7-12-95
Photography began to interest me when I had moved beyond youthful impudence. I didn’t want to prove anything or defend anything. I had already learned that life imposes itself on you. I simply integrated photography into it and let myself go with the flow. My desire is for my knowledge and emotions to operate unconsciously, so that my work, like my life, surprises me. I have no specific plans or ambitions.
The photographic process is more important to me than the result. I try not to get anxious when a photo eludes me and not to get too excited when one comes my way.
I don’t take photos regularly. Nevertheless, photography fills my life. I think about it, teach it, judge it, write about it, and enjoy it. So, when the moment comes to press the button, I feel that I have never abandoned it.

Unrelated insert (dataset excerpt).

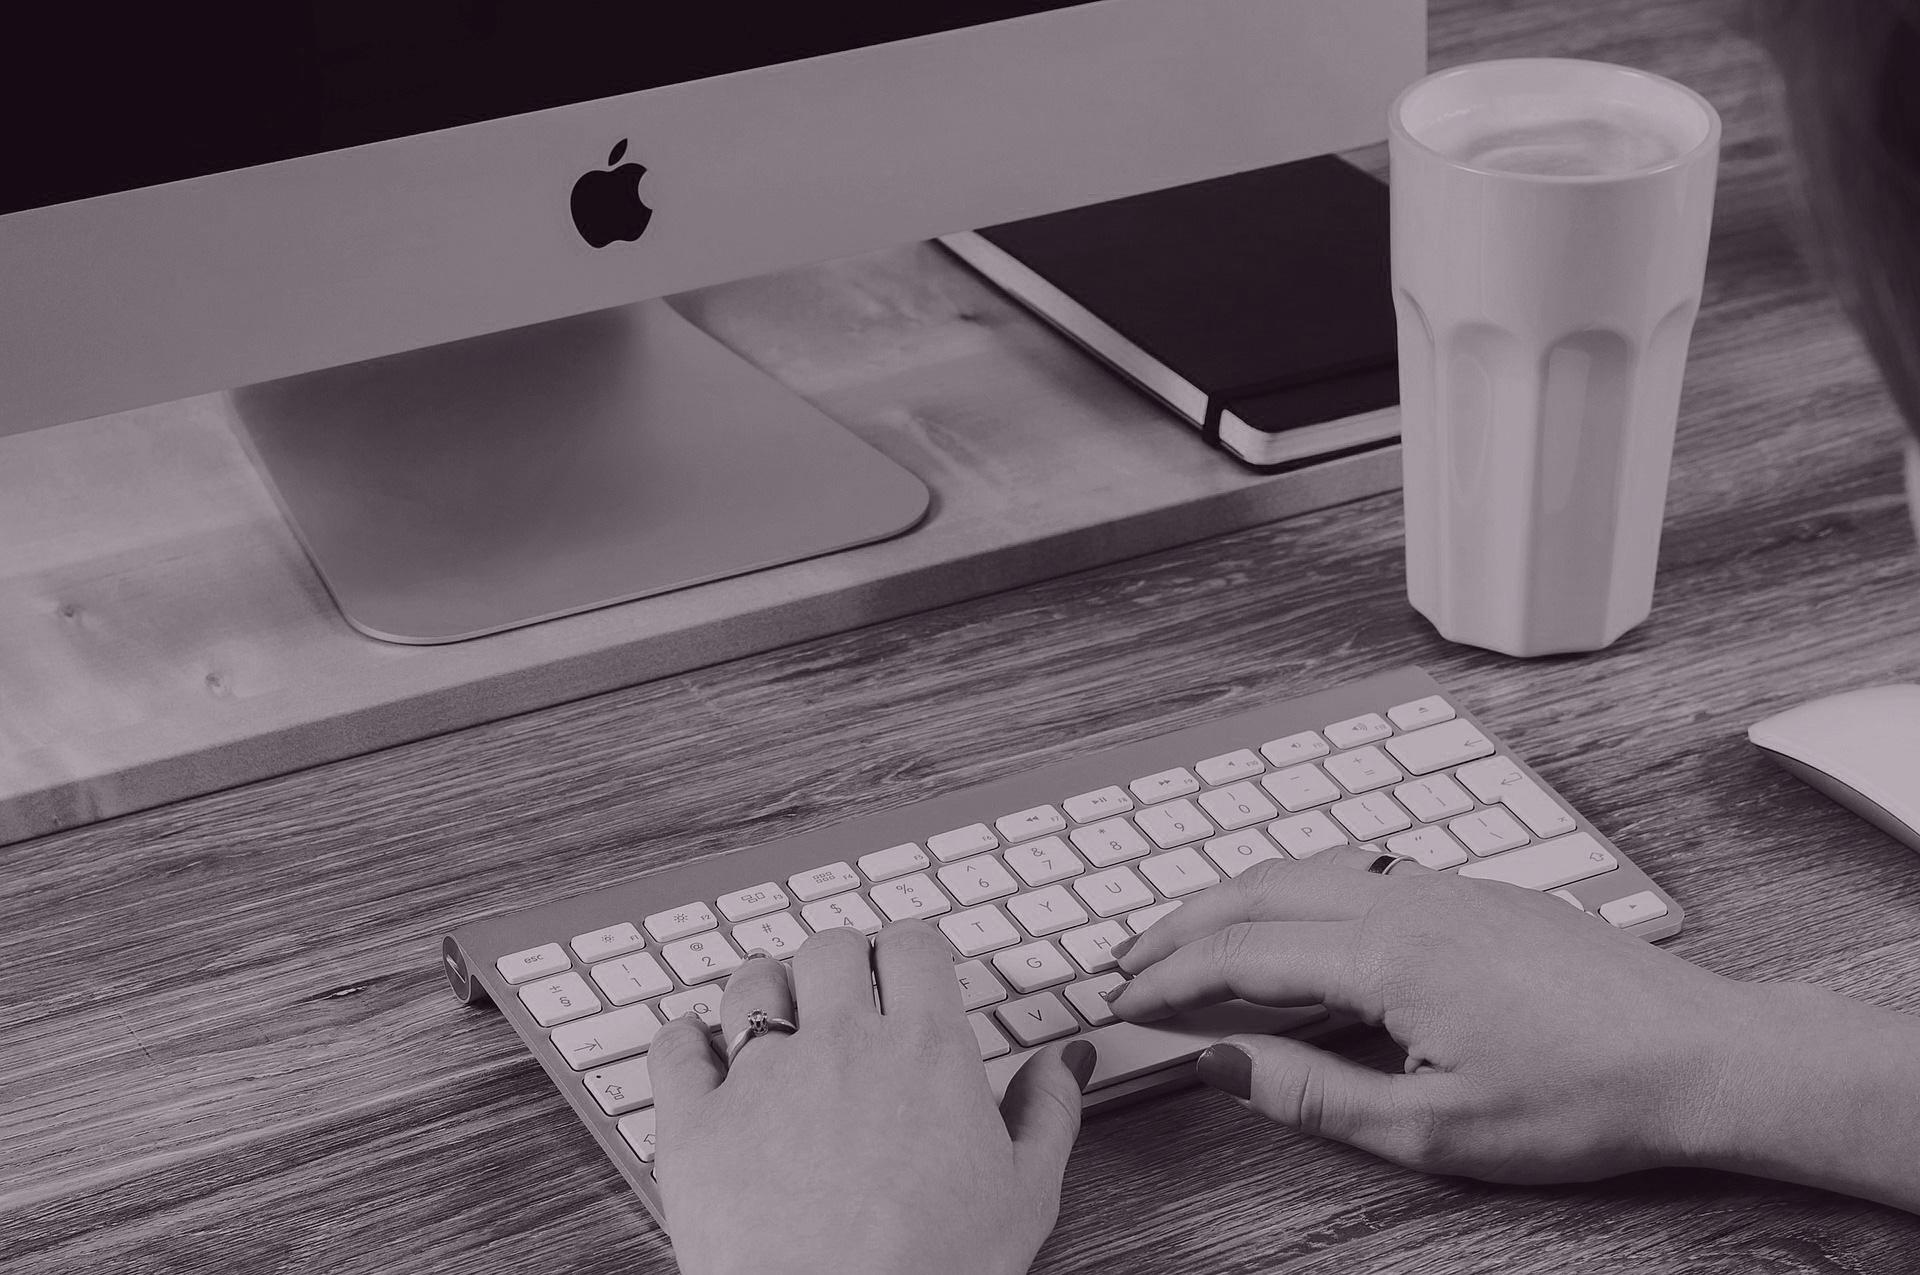 Imagebild Keybord mit Händen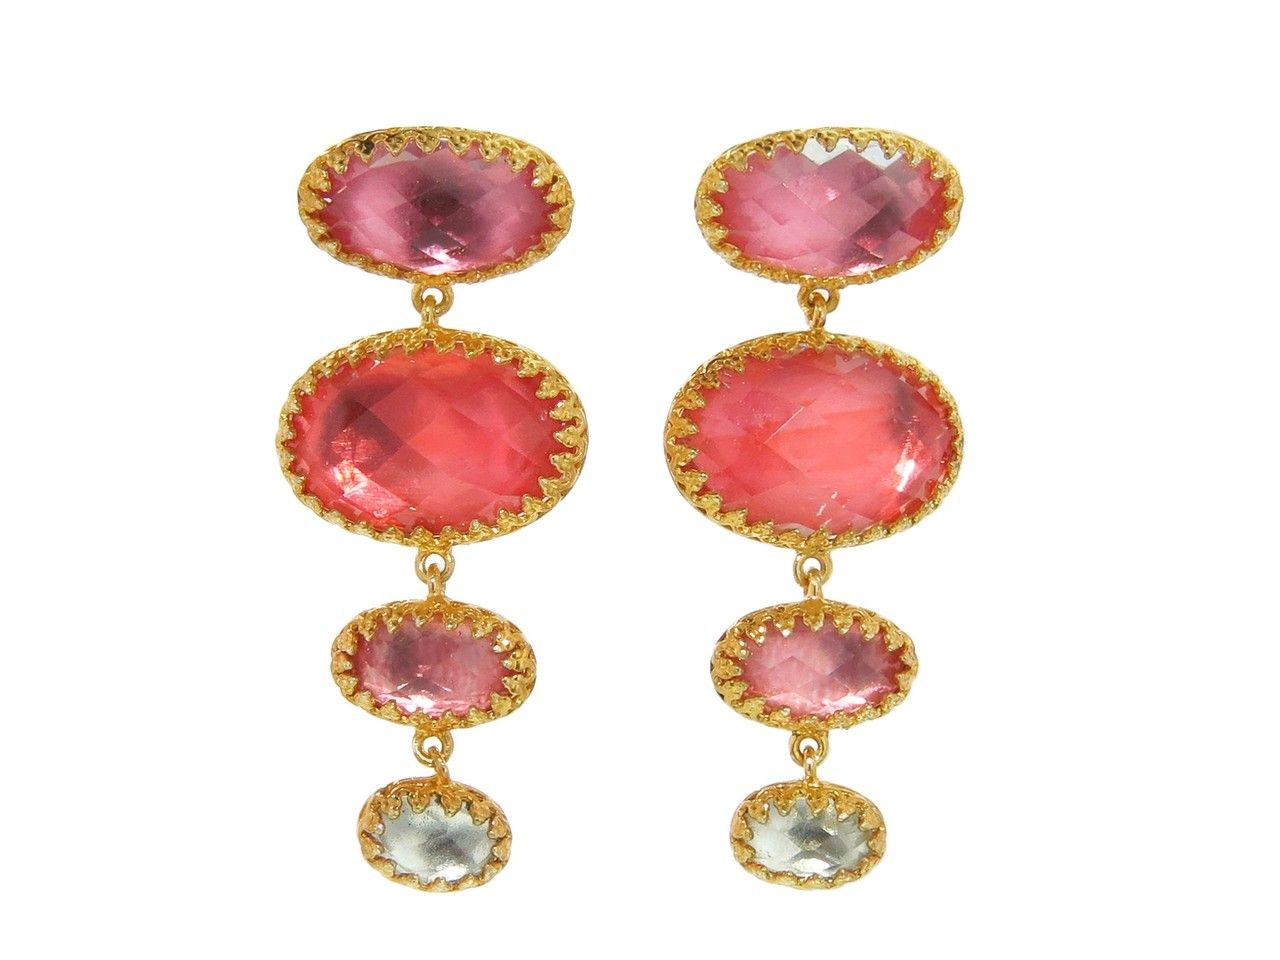 Small Handmade Tessa Earrings in Blush by Larkspur & Hawk, at Ylang 23

I started like everyone, with the spontaneity and innocence that only ignorance can provide. This was followed by the inevitable phase of imitating my idols. And when they became too many and impossible to imitate, I let myself search for a new and now mature innocence.
I seek the simple, which can become classic. I shun fashion and trends. I fear my own ease. I search for what interests me, without knowing what it is. I hope for the truth (and the charm) of the result. I respect rigor. I photograph various subjects simultaneously, perhaps in different ways. I believe this helps me better integrate into the complex world and stay true to my contradictory nature.
I feel the power of reality and myth in the static photographic image. Its temporal duration frightens and fascinates me.
Photography interests me mainly as a tool for classification and visual transfer of the stimuli I receive from the world. These consist of magnified details or immense sizes that need to be scaled down to make them my own. And they change. With the random moments of my life, the chance acquaintance with a place, the chance meeting with people, the chance acquisition of a camera.
I photograph faces because they enchant and torment me, ruins and gardens because they scare and comfort me, street scenes because they amuse and sadden me, theatrical moments because there, as in photography, lies the fake time and fictitious space.
I present my photographs in exhibitions or publications, arranged in small sections of stimuli. They are never finished nor isolated. They all join in the unfolding of my life."